Pourquoi le WACC intervient directement dans la valorisation d’une entreprise ?
Le rôle du taux d’actualisation dans une méthode DCF
Une valorisation DCF consiste à additionner la valeur actuelle des flux de trésorerie futurs prévus sur une période donnée, puis à ajouter la valeur actuelle des flux générés après cette période.
La formule générale peut être présentée ainsi :
Valeur d’entreprise = Somme des flux de trésorerie actualisés + Valeur terminale actualisée
Pour chaque année, le flux est actualisé selon la formule suivante :
Valeur actuelle = Flux de trésorerie futur / (1 + WACC)^n
La lettre n désigne le nombre d’années séparant la date de valorisation du flux concerné.

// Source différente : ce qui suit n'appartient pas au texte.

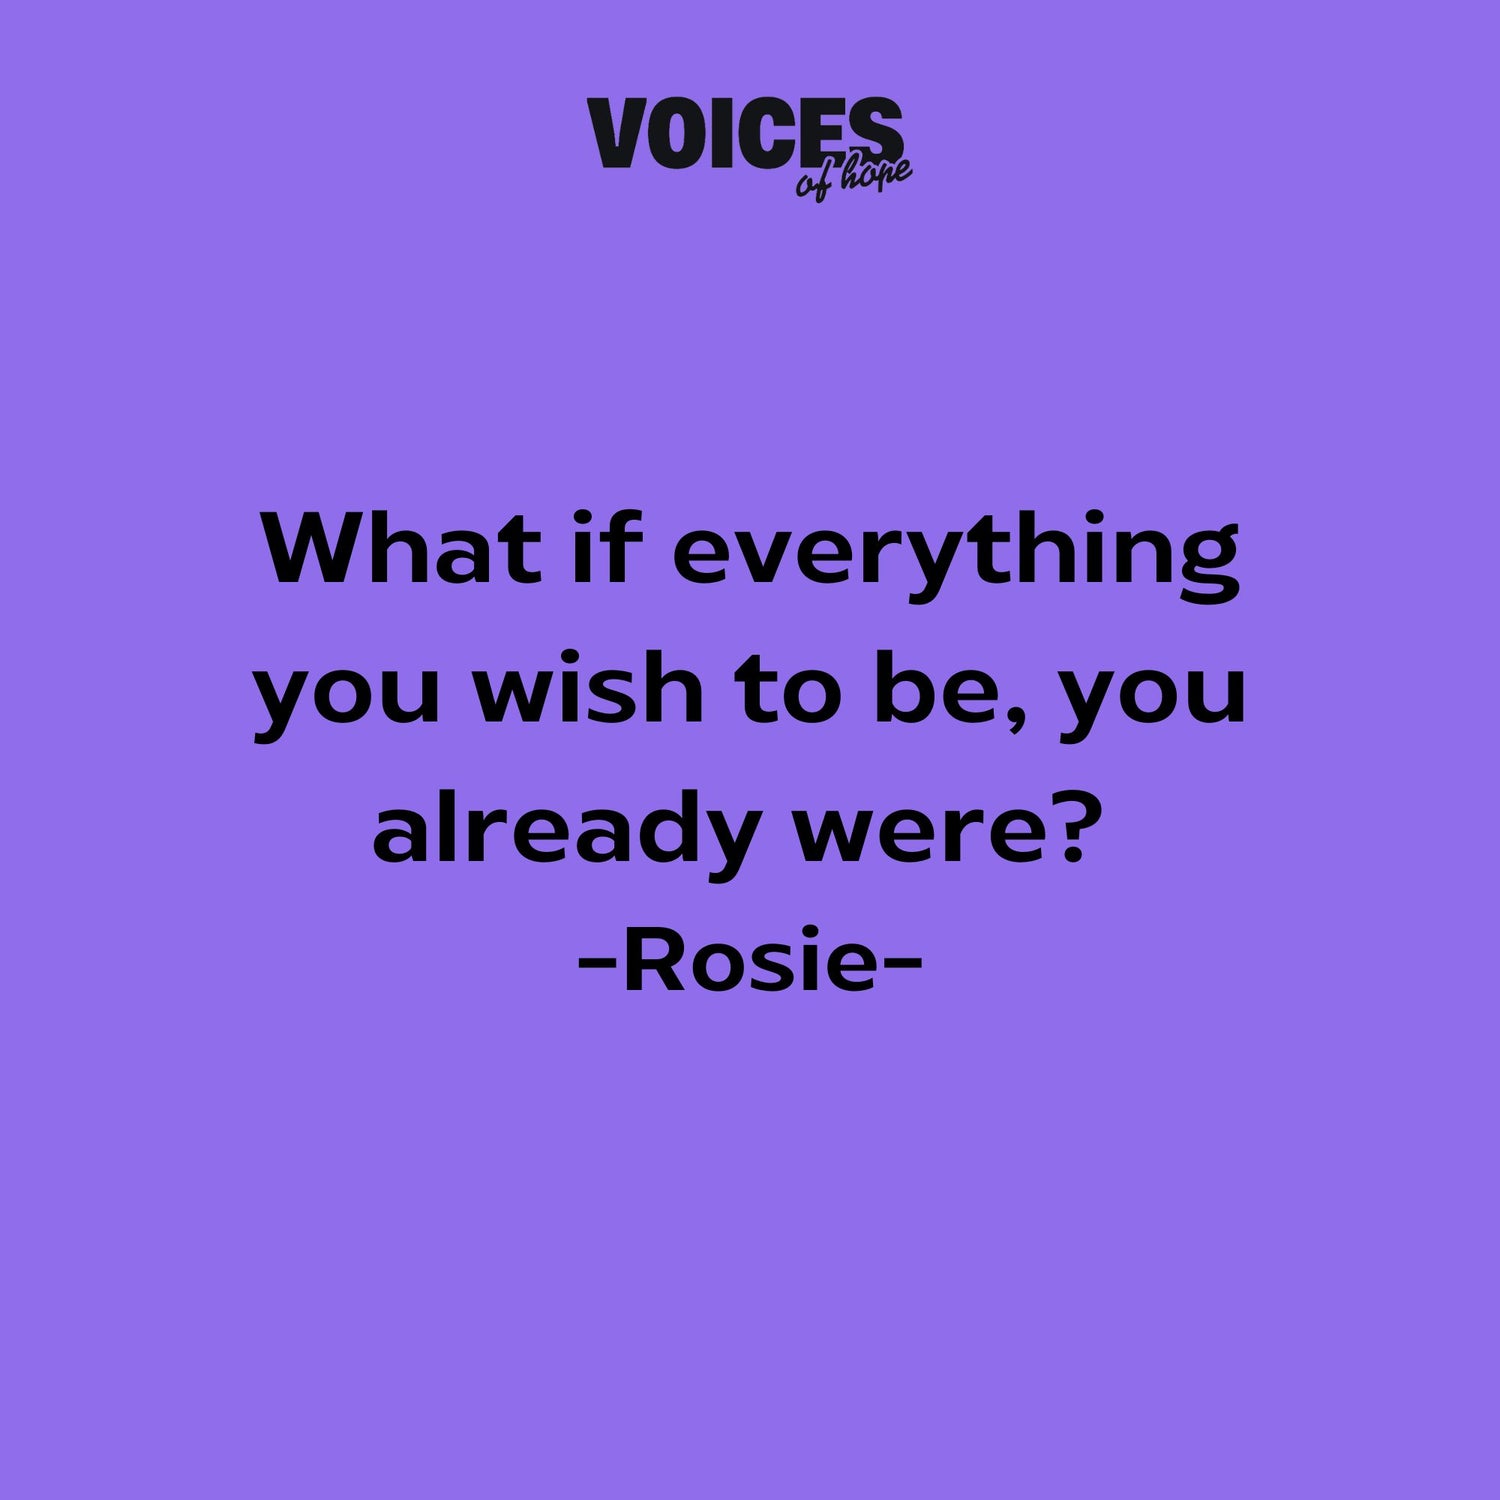 Purple background with black writing that reads: "what if everything you wish to be, you already were? Rosie."

Supposons qu’une société prévoie les flux suivants :
| Année | Flux de trésorerie disponible |
| 1 | 500 000 € |
| 2 | 600 000 € |
| 3 | 700 000 € |
| 4 | 800 000 € |
| 5 | 900 000 € |
Avec un WACC de 8 %, chacun de ces montants est ramené à sa valeur actuelle. Le résultat obtenu ne correspond donc pas à la simple addition de 3,5 millions d’euros. Les flux de trésorerie reçus dans quatre ou cinq ans valent moins aujourd’hui que ceux encaissés dans douze mois.
Le taux d’actualisation traduit donc deux réalités financières : le temps qui sépare la date d’évaluation de la réception des flux et le rendement attendu compte tenu du risque associé à ces flux.
Dans un DCF basé sur les flux disponibles pour l’ensemble des apporteurs de capitaux, le WACC sert précisément à effectuer cette conversion.
Pourquoi les flux de trésorerie futurs n’ont pas la même valeur aujourd’hui?
Un euro disponible immédiatement peut être placé, investi ou utilisé pour financer une dépense. Un euro qui sera encaissé dans cinq ans ne présente pas la même valeur économique.
À cela s’ajoute l’incertitude. Une entreprise peut prévoir 1 million d’euros de flux de trésorerie dans cinq ans, mais rien ne garantit que cette prévision se réalisera exactement. Le niveau de risque associé à cette prévision doit donc être pris en compte dans le taux d’actualisation.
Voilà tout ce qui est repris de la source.